Chapitre 43
matin suivant. Comme l'approche du soleil l'aube cause, c'était
simplement une façon grosse de déclarer ceci pour dire que le dieu solaire était le
père de sa propre mère, le mari de sa grand-mère.
[Note en bas de page 1: J'ai analysé ces mots dans une note à un autre travail, et
n'ayez pas besoin de répétition la matière ici, l'ainsi, comme je ne suis pas informé que le
l'étymologie a été questionnée. Voyez _Myths du Nouveau World_, 2d Éd., p.
183, note.]
La place d'Ioskeha dans mythologie est aussi montrée par l'autre nom sous
lequel il était, peut-être, même plus familier à la plupart de l'Iroquois. C'est
_Tharonhiawakon_ qui est aussi une forme verbale de la tierce personne avec
le signe double, et littéralement moyens, "Il tient (ou influences en haut) le ciel avec
ses deux armes."[1] en d'autres termes, il est allié presque à l'Aryen ancien
Dyaus, le Ciel, les Cieux, surtout le Ciel dans la journée.

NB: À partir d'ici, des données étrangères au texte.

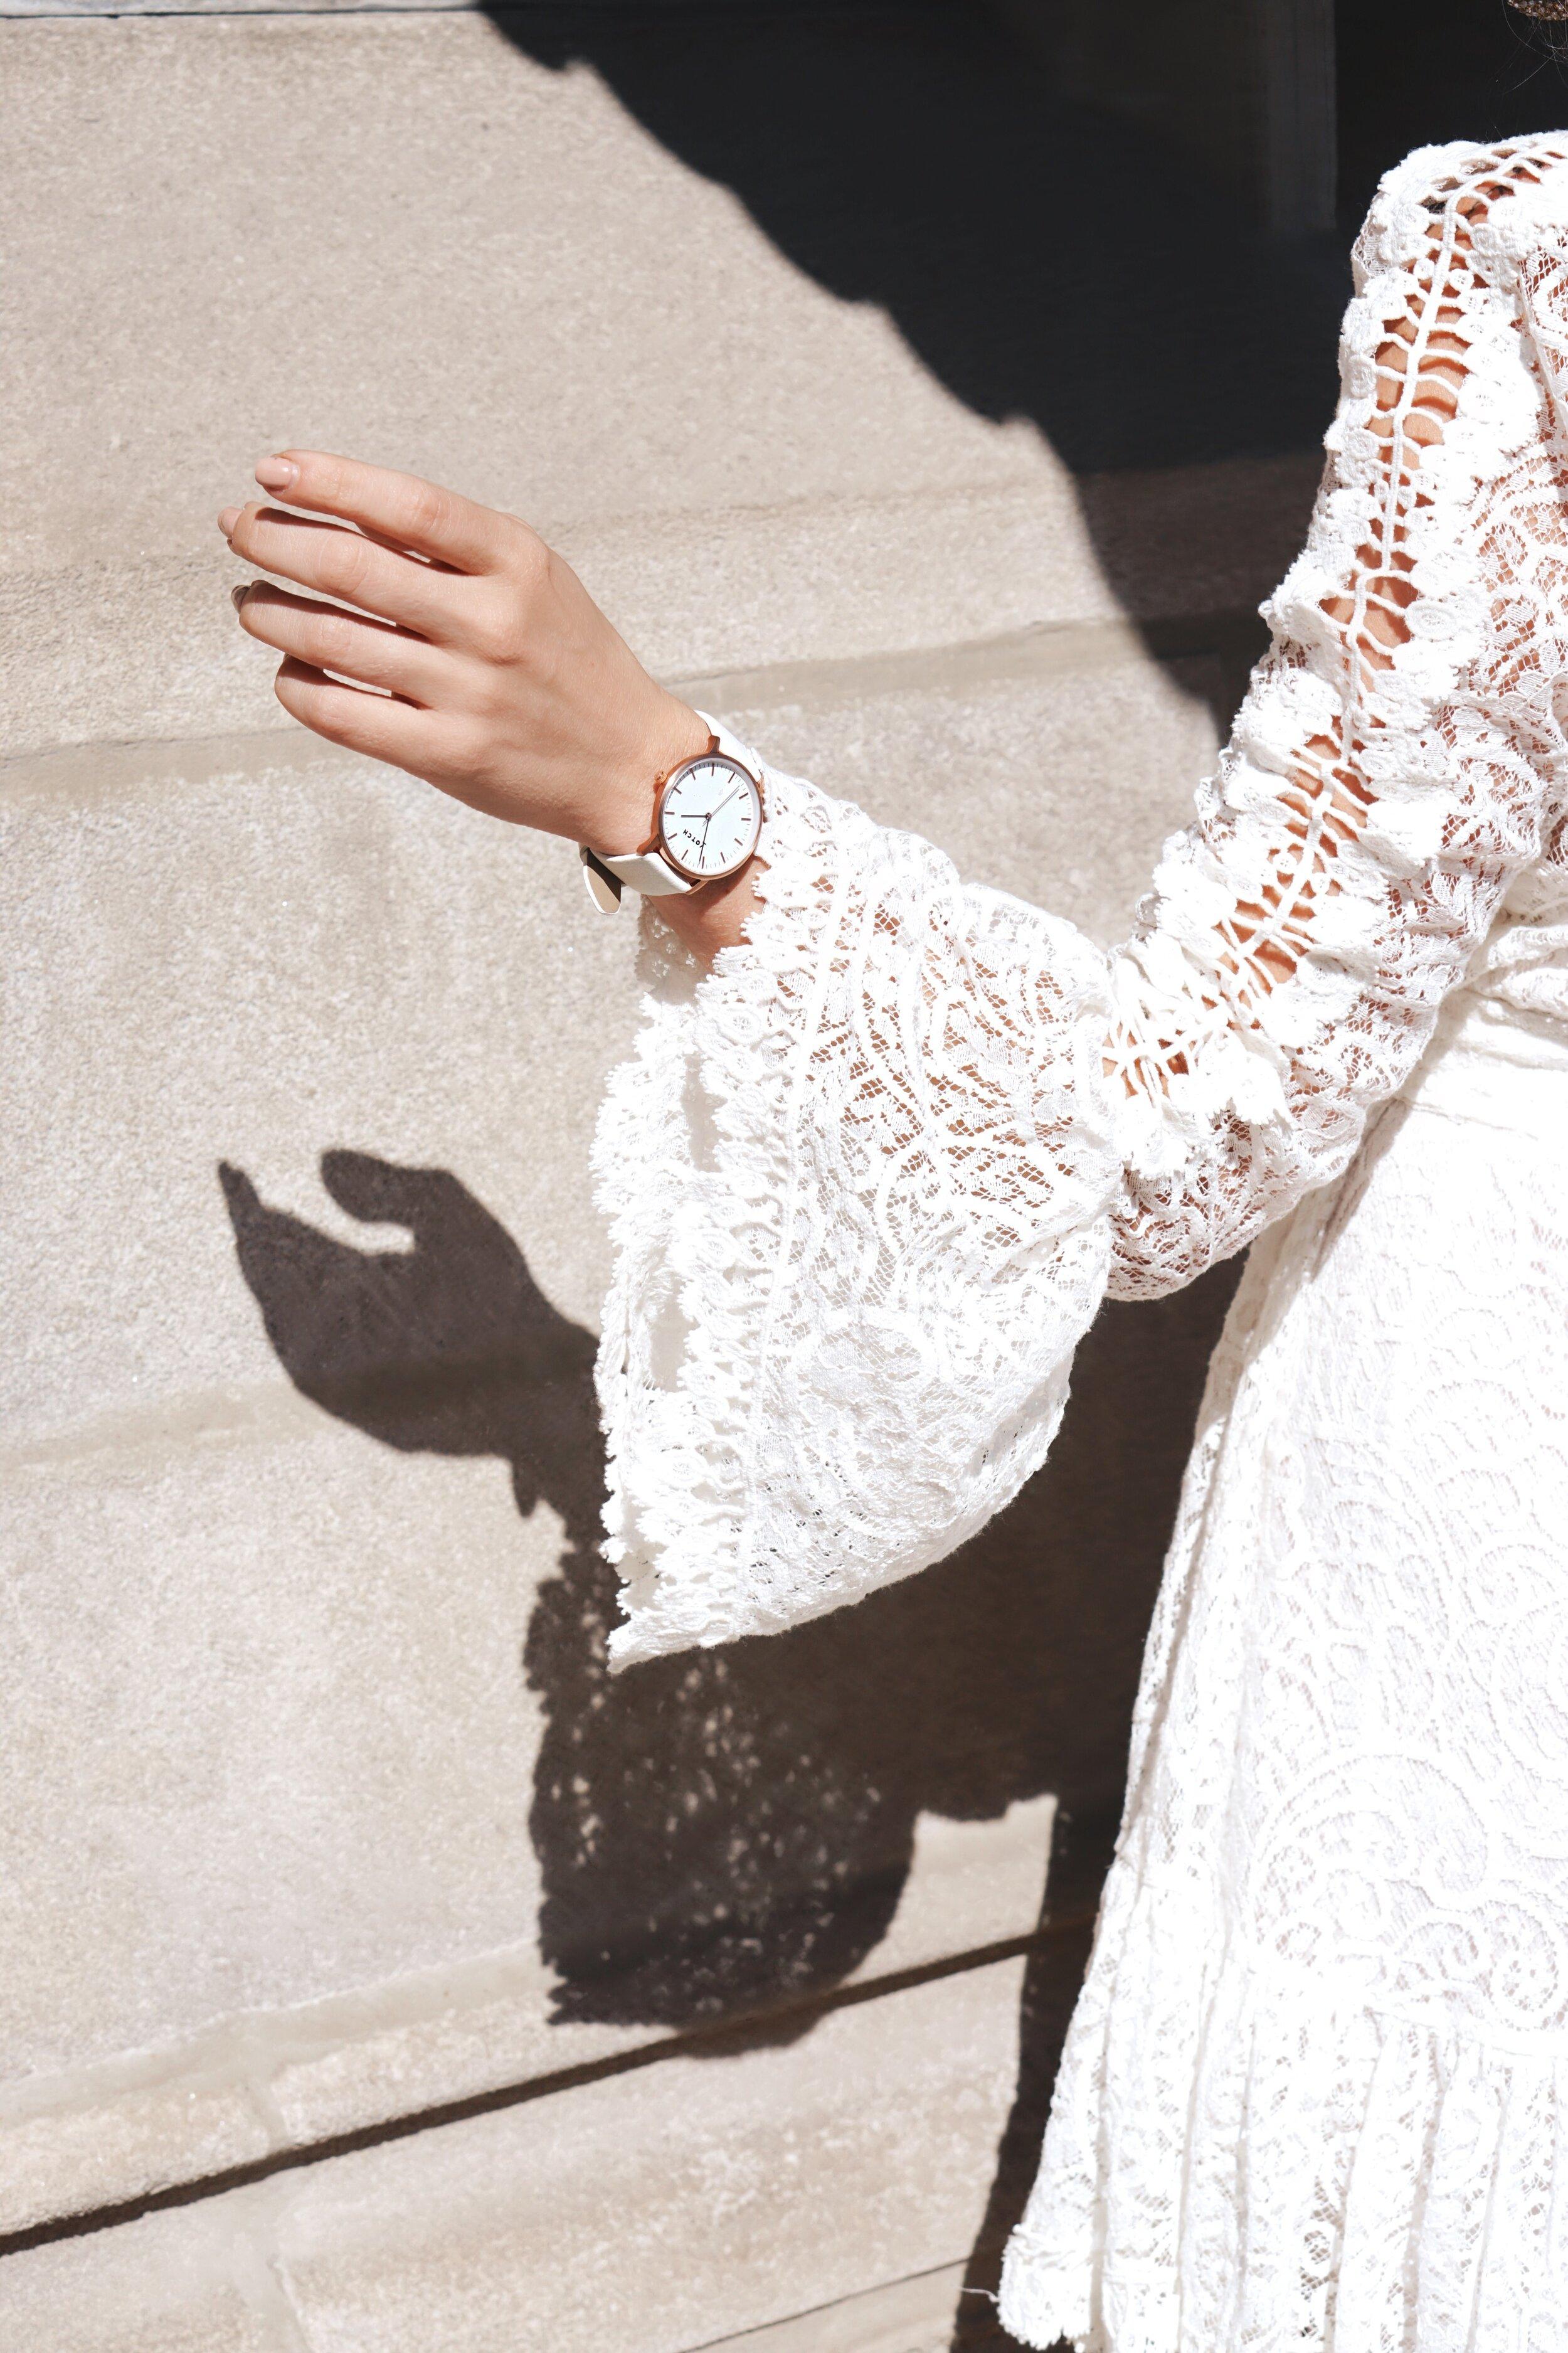 Vegan Watch, Vegan Fashion, Rose Gold Watch, Cruelty-Free Fashion, Sararose Krenger, Chicagos Best Blogger, Fashion Stylist, Chicago Style

[Note en bas de page 1: Une analyse prudente de ce nom est donnée par Père J.A. Cuoq,
probablement la meilleure autorité vivante sur l'Iroquois, dans son _Lexique de la
Langue Iroquoise_, p. 180 (Montréal, 1882). Ici aussi l'Iroquois
suivi précisément la ligne de pensée des Égyptiens anciens. Shu, dans
la religion de Heliopolis, a représenté la lumière cosmique et chaleur, le
principe vif, créatif. C'est il qui, comme il est déclaré dans le
inscriptions, "influences en haut les cieux", et il est représenté sur les monuments
comme un homme avec les armes élevés qui supports la voûte de ciel, parce qu'il
est la lumière intermédiaire qui sépare le monde du ciel. Shu était
aussi dieu des vents; dans un passage du Livre du Mort, il est fait à
dites: "Je suis Shu qui conduit en avant les vents aux confins de ciel à
les confins du monde, même aux confins d'espace." Encore, comme
Ioskeha, Shu est dit pour l'avoir engendré dans l'utérus de sa mère,
Nu ou Religieuse qui étaient comme Ataensic, la déesse d'eau, le céleste
océan, la mer primitive. Tiele, _History du Religion_ Égyptien, pp.